Task goal
Lines in the material below that include "Pinterest" need to be tallied; give the total alone.
[[ Data for review, beginning ]]
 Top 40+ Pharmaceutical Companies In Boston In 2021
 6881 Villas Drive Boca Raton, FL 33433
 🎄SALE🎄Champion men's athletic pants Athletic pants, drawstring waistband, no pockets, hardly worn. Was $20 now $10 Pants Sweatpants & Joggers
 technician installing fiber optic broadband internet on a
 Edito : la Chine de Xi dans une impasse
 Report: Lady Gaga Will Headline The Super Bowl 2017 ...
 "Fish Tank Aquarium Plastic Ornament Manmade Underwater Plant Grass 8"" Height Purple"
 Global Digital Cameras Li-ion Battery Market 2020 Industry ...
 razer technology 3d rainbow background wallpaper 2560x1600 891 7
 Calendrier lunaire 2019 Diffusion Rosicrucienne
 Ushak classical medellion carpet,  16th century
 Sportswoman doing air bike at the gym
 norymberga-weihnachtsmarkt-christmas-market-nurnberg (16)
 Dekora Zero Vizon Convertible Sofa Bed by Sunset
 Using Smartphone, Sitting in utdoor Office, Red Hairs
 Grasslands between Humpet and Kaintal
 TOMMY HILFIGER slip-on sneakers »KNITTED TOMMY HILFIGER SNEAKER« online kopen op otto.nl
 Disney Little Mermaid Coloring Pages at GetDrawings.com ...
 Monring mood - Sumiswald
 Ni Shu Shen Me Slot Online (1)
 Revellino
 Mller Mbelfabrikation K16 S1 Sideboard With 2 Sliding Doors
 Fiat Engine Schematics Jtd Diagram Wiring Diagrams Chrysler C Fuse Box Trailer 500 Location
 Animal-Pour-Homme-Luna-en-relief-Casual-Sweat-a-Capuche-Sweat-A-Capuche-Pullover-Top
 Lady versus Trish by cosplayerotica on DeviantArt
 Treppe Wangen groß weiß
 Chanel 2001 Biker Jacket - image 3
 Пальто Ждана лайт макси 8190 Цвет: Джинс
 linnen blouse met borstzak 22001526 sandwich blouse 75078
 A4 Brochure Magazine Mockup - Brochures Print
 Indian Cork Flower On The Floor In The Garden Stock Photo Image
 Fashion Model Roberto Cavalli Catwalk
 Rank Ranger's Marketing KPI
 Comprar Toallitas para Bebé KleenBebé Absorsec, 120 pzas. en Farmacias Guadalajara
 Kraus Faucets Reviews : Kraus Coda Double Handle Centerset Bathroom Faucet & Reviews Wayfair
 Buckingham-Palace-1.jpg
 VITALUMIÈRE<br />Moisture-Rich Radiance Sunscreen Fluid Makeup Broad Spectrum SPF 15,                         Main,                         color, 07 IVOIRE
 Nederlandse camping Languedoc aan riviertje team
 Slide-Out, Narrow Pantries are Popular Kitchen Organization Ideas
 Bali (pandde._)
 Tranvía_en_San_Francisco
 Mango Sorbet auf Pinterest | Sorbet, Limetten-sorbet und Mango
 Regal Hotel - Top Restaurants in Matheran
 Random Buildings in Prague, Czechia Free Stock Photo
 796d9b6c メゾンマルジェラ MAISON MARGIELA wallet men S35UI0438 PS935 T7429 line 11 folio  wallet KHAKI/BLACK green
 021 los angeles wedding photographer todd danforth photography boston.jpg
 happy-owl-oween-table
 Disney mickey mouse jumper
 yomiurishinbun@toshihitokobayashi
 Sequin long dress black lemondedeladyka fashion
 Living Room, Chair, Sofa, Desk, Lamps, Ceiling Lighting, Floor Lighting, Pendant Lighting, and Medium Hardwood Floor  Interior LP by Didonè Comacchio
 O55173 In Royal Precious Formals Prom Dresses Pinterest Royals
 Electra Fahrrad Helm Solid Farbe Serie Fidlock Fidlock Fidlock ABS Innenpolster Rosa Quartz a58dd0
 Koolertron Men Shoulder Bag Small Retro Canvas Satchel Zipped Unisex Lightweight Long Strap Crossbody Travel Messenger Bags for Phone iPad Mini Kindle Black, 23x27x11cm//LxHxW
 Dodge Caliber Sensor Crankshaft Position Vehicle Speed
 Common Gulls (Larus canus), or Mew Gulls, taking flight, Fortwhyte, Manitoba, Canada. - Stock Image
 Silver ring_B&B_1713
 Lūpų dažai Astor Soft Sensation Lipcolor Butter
[[ Data for review, end ]]
Response for this exercise
2